Maria Ripamonti (26 May 1909 – 4 July 1954), also known by her religious name Lucia dell'Immacolata, was an Italian Roman Catholic and a professed religious from the Ancelle della carità. Ripamonti worked at a spinning mill before leaving her hometown in 1932 for Brescia to enter a religious congregation after having met a visiting nun in her hometown. In 1938 she made her perpetual profession and started residing in the order's motherhouse in Brescia and was later diagnosed late with a serious illness that led to her death in 1954.

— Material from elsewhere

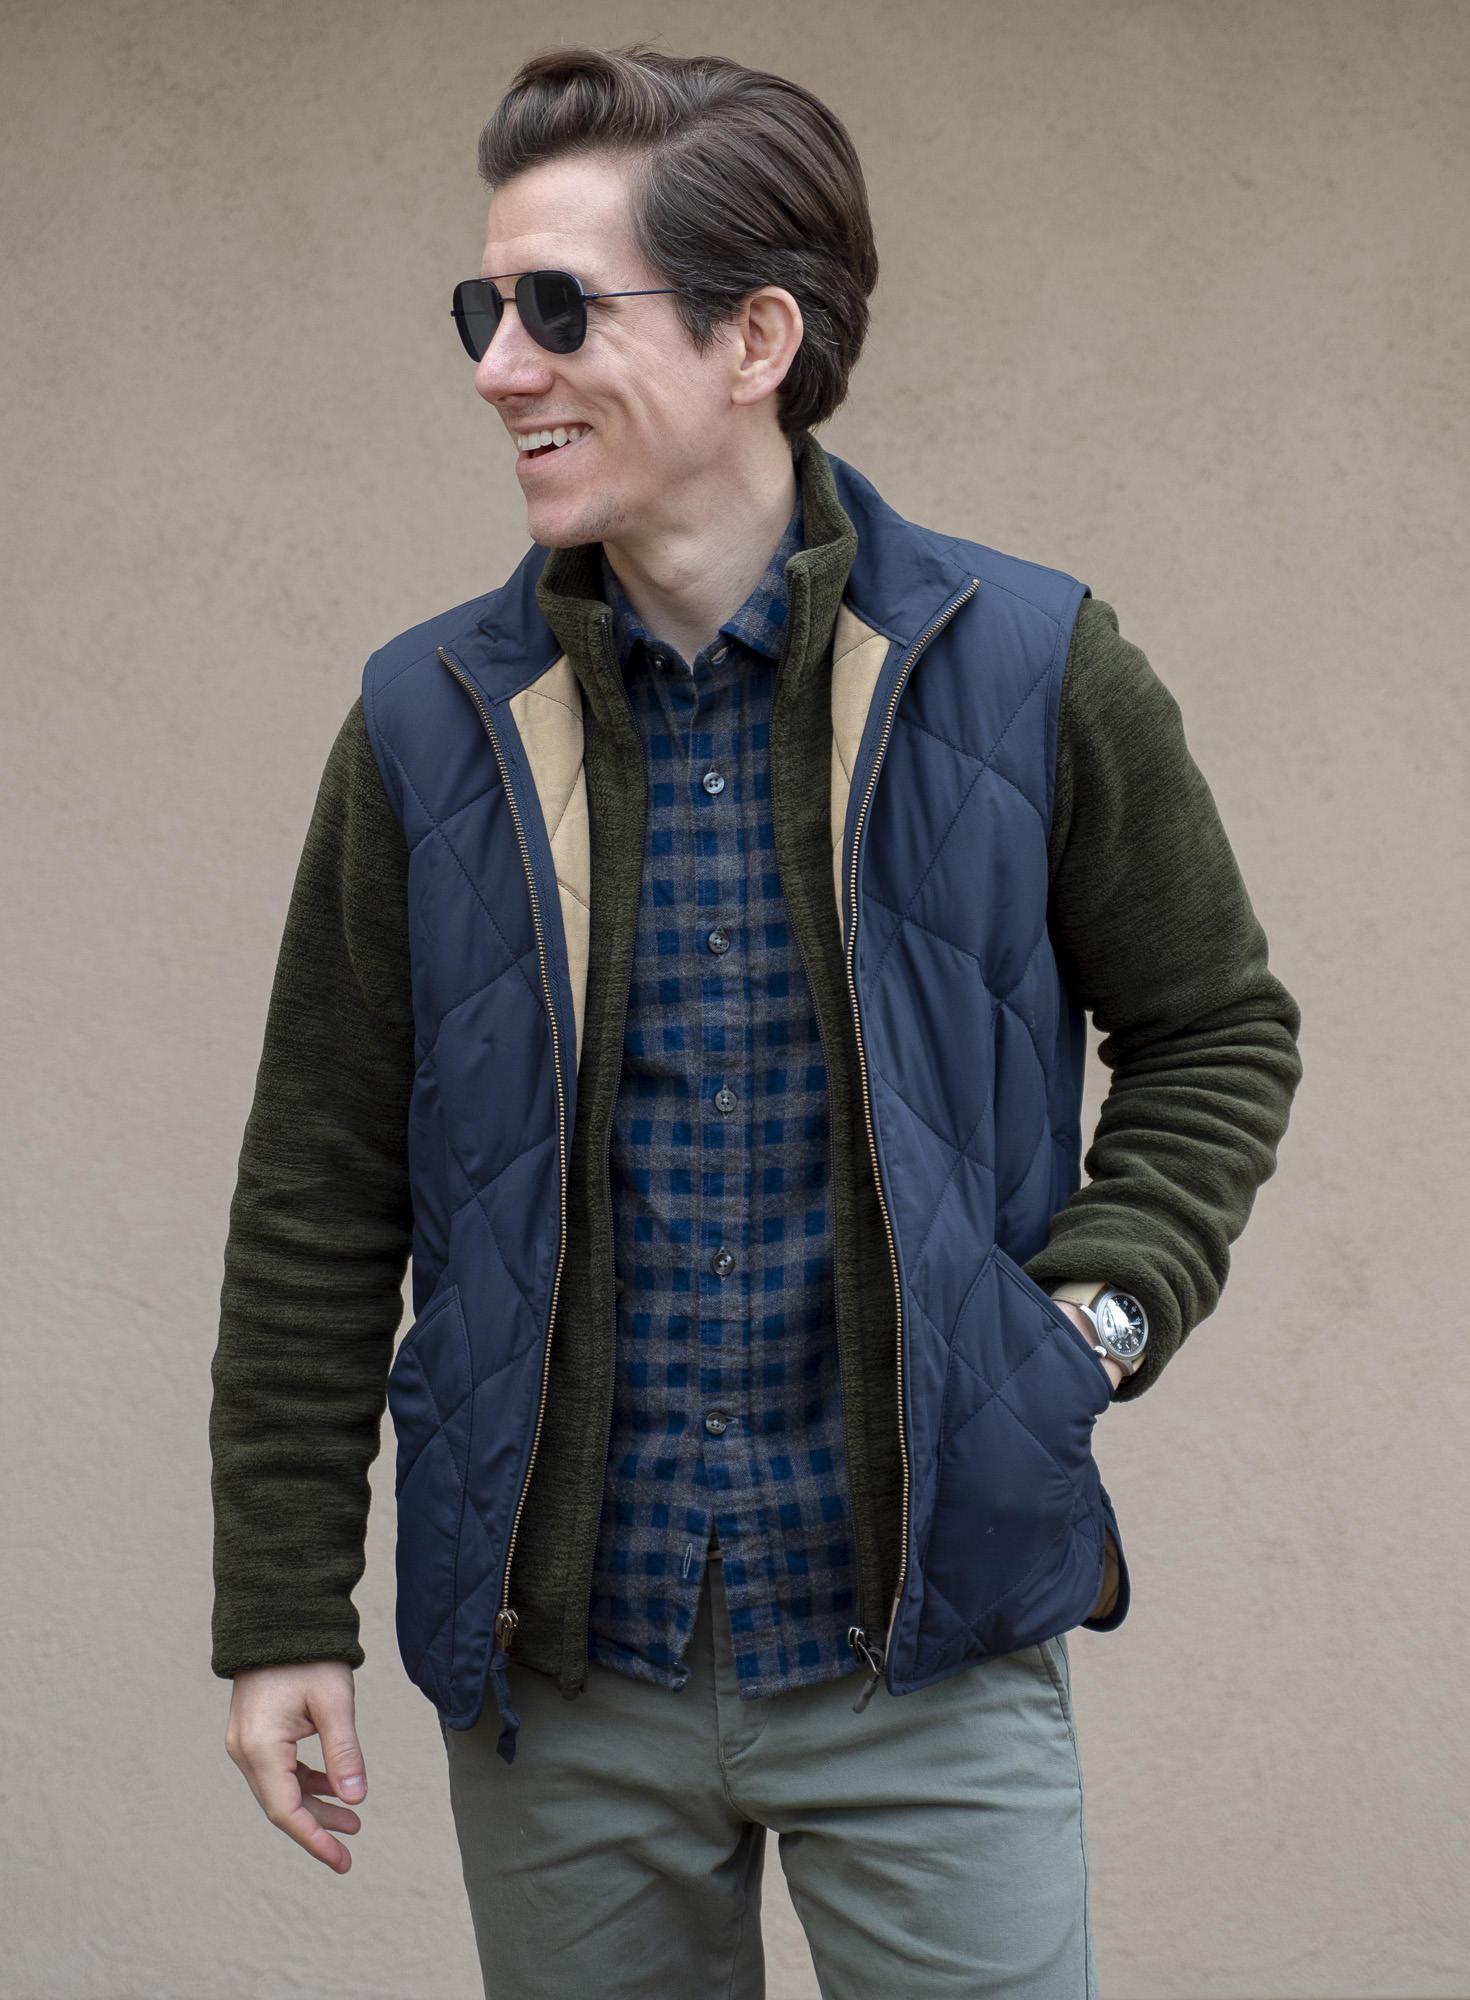 Flannel shirt fleece and vest

Her order after her death started to request for an official beatification process to be launched and this took place in the Brescia diocese in 1992 and she became titled as a Servant of God. Pope Francis later confirmed her to be Venerable in 2017 upon the acknowledgement of her life of heroic virtue; the same pope confirmed a miracle attributed to her intercession which shall enable for Ripamonti to be beatified in Brescia; it was scheduled to be held on 9 May 2020 but the COVID-19 pandemic forced its postponement. She was beatified on 23 October 2021.

==Life==
Maria Ripamonti was born in Acquate in the province of Lecco on 26 May 1909 as the last of four children to Ferdinando Ripamonti; her baptism was celebrated on 30 May. Ripamonti made her First Communion in 1916 and then made her confirmation later in 1918. In her adolescence she began working in a spinning mill in order to support her siblings and was a frequent attendee at Mass while she also would tend to children and would collaborate with those in the Catholic Action movement for parish initiatives. The parish priest Luigi Piatti was a confidante of hers and would provide her with religious instruction and formation.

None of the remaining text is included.